恩返しは溺甘同居で!?~ハプニングにご注意を!!

 「え?そっちは、」
 
 父は『STAFF ONLY』と書かれた扉を開けると、私の隣を歩いている修平さんがすこしびっくりしたようだった。そんな声はまったく気にせず、父は関係者用通路をスタスタと歩いて行くから、私たち二人はその後ろを追いかけるように着いて行く。
 立ち止まった扉には『橘ゆかり様 控室』とある。

 「え?橘ゆかり、の!?」

 目を丸くする修平さんがそう言うと同時に、父はその扉をノックする。中から「どうぞ」と声がして、父が扉を開いた。

 開いた扉の内側に、さっき見たばかりの着物姿があった。

 一歩足を踏み出した父が、彼女のことをいきなりギュッと抱きしめた。

 「とっても素敵だった。映画も由香梨さんも。」

 「ありがとう。それはあなたがいてくれるからよ、隆弘。」

 二人が目の前で唇を合わせる。軽く「ちゅっ」とする程度だけど、放っておくと人目も気にせずにエスカレートしていくことをよく知っている私は、心を鬼にして割って入ることにする。

 「映画、すごく良かった…お母さん。私、いつもお母さんの書くお話しが大好きだよ…。」

 言いながら目元が熱くなってきて、浮かんできた涙をこぼさないように耐えながら、今日言おうと思っていたことを最後まで口にする。

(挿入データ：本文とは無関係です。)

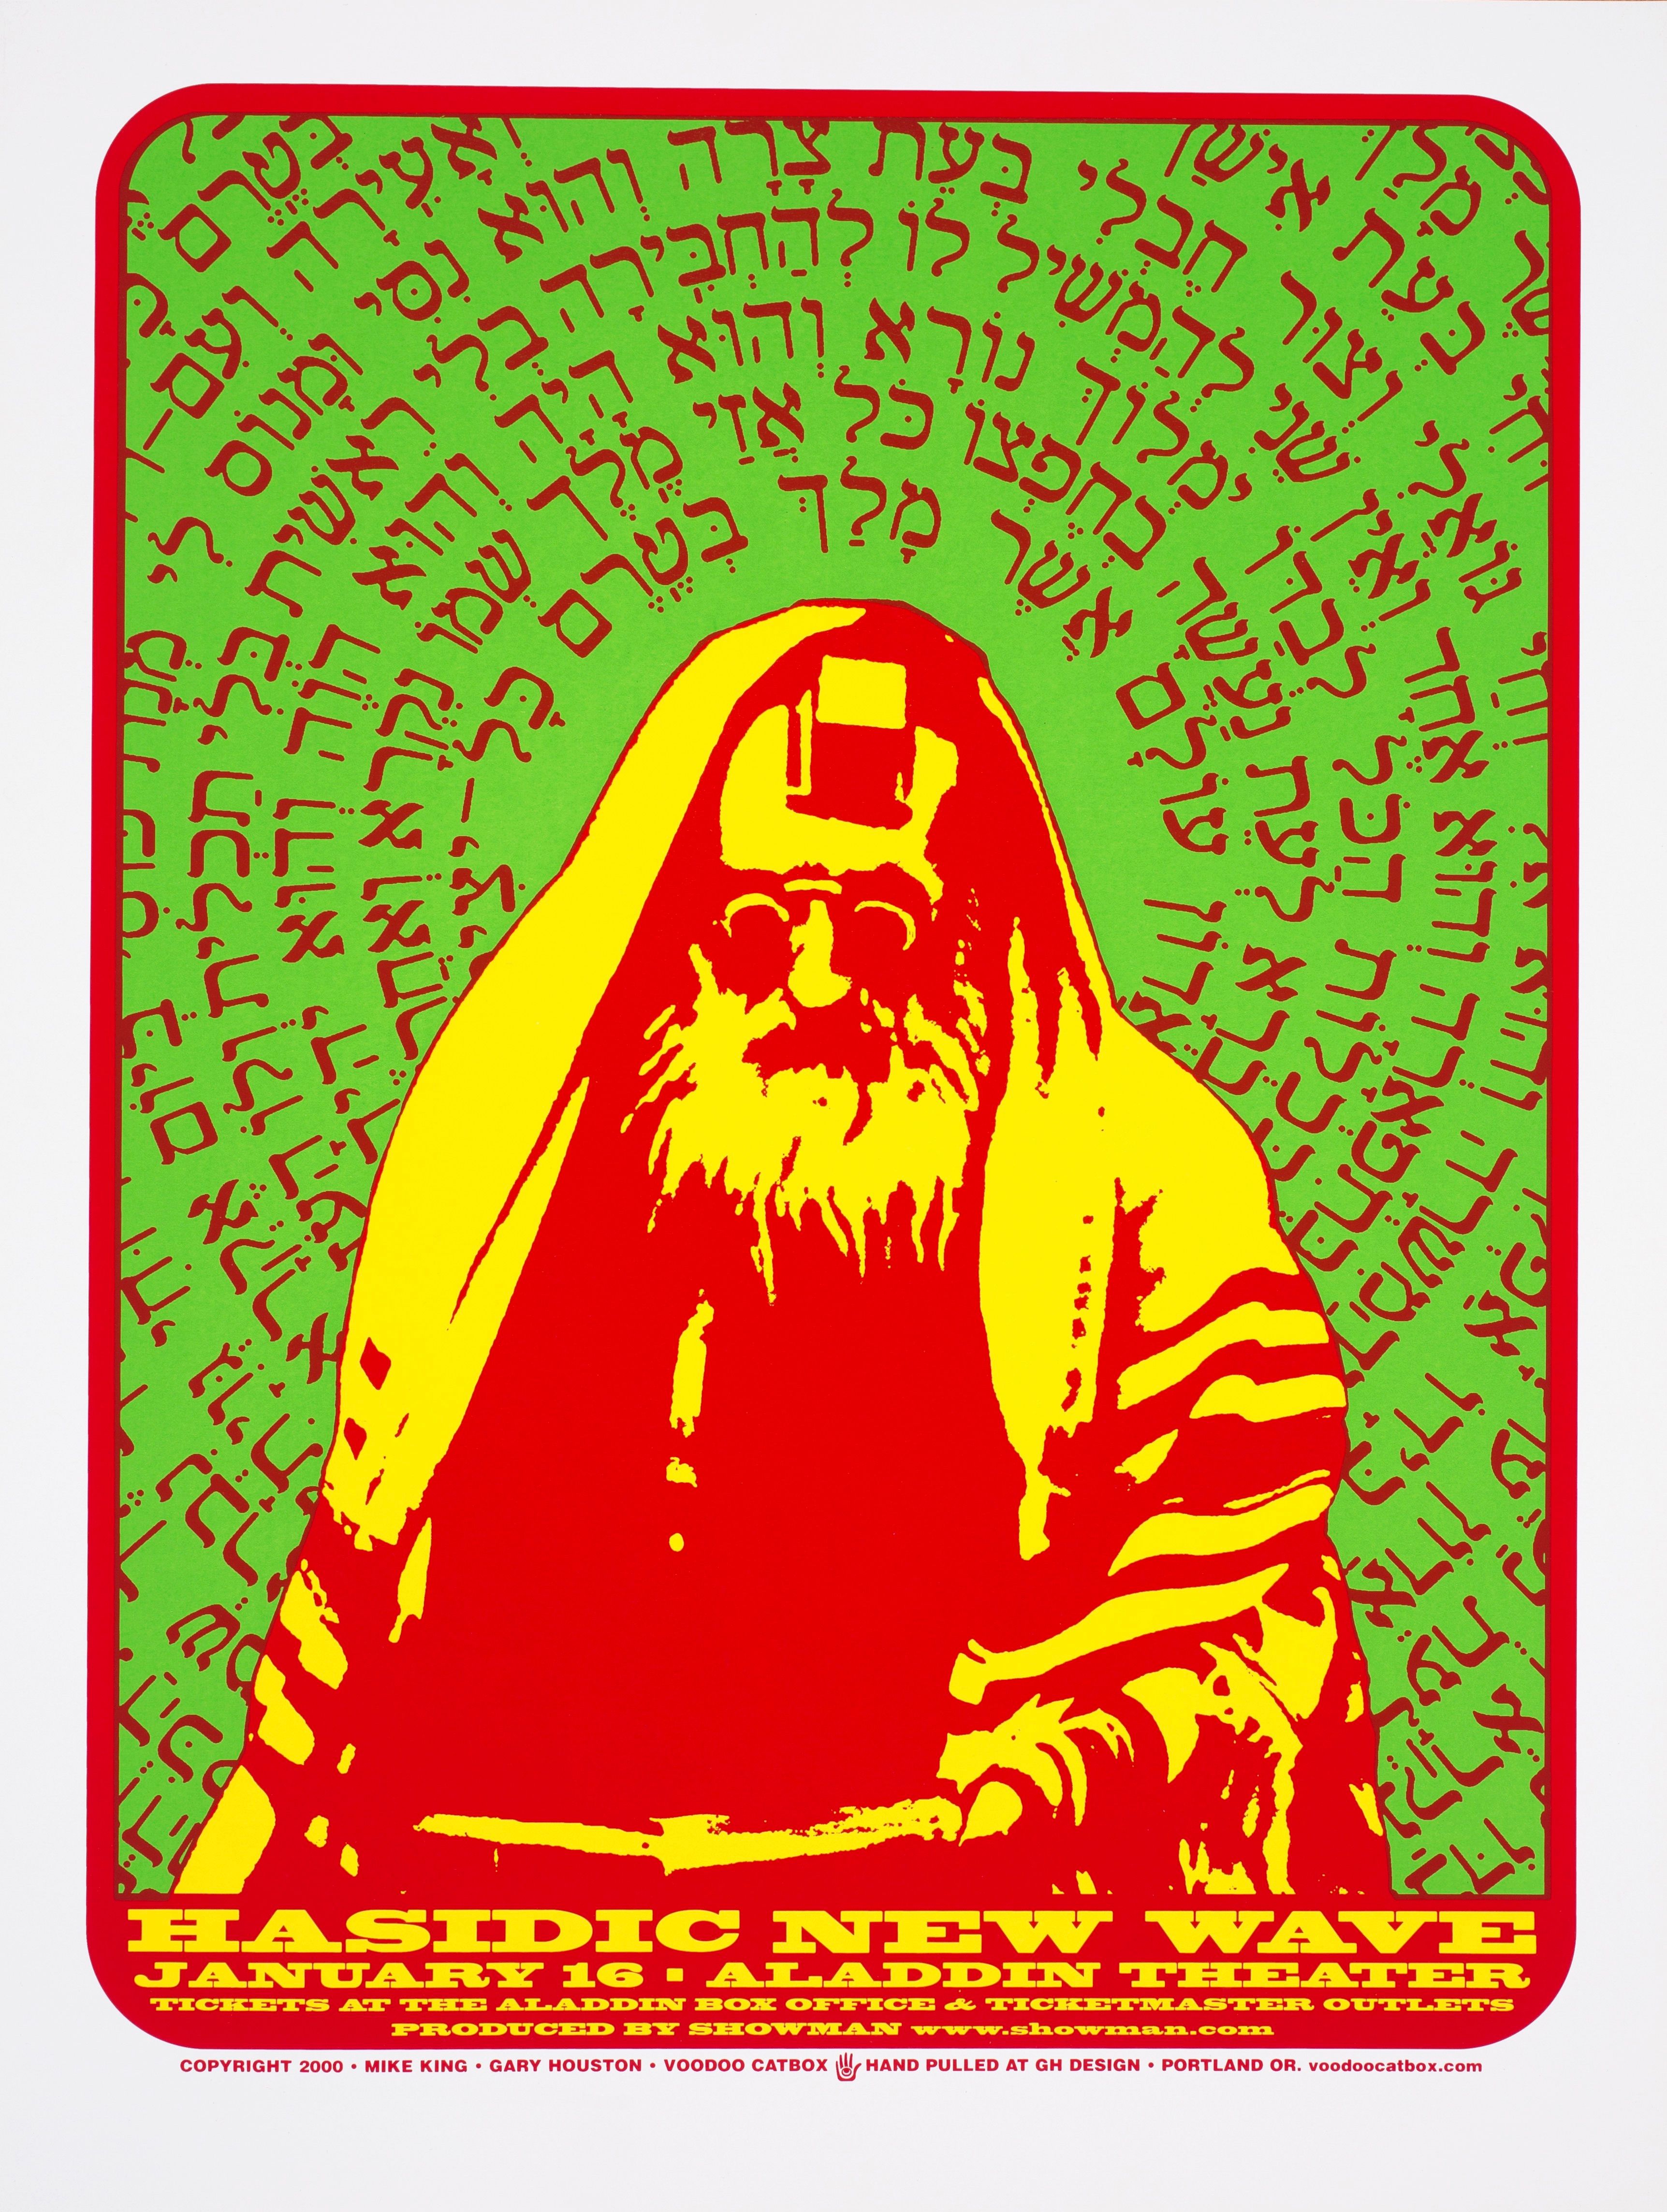 MXP-200.1 Hasidic New Wave 2000 Aladdin Theater  Jan 16 Concert Poster
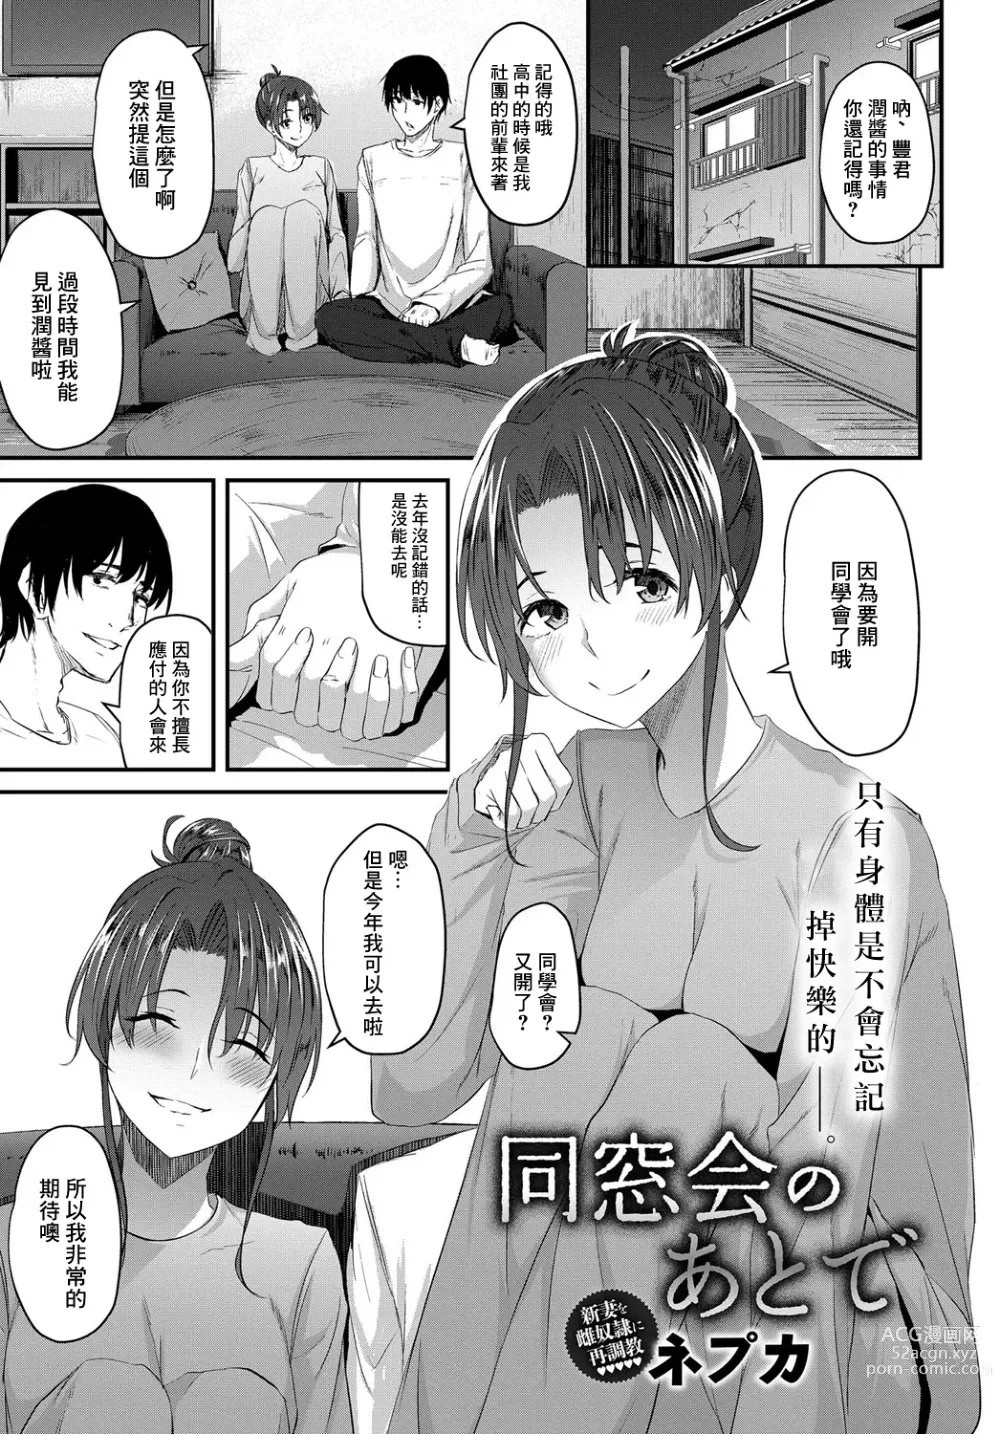 Page 1 of manga Dousoukai no Ato de

 「お母さんが忙しくて、子どものときは寂しいと思ったこともあったけど、でも今は世界一尊敬してるよ。」

 言い切った私の目から涙がポロポロとこぼれ落ちた。
 
 「杏奈…ありがとう。」

 着物の袂から出したハンカチで私の涙を拭いてくれた母の目にも、涙が滲んでいる。
 しんみりとした雰囲気が気恥ずかしくなって、言葉を探した。

 「それにその着物も良く似合ってて素敵だね。」

 「ありがとう。うふふ、この着物、ヒロが今日の為に新調してくれたの。加賀友禅。」

 語尾にハートマークが付いてそうな母の嬉しそうな声に、私のつられて「クスっ」と笑った。
 私の隣で唖然としている修平さんに、母がニッコリと微笑む。

 「修平さんも、来て下さってありがとうございます。映画、楽しんでいただけましたか?」

 隣の彼からの反応がない。横を見上げると、何度か口を動かしているけれど、声には成らない姿があった。

 「修平さん…」

 彼の袖をツンツンと引っ張ると、彼は私の方を一旦見て、また母の方に顔を戻した。

 「あ、え…えっと、すみませんっ、映画、すごく良かったです。ちょっと、今、状況整理出来なくて…。えっと、杏奈さんのお母さん、ですか?」

 「はい、杏奈の母の由香梨です。あ、今は『橘ゆかり』でもありますけど。」

 いたずらっぽく笑う母に、修平さんが息を呑んだ。それから、おもむろに両手で顔を押さえて、

 「うわ~~っ」

 と言って、その場にしゃがみ込んだ。
 両手に入りきれなかった彼の耳が真っ赤に染まっているのを、私たち三人はしっかりと見てしまった。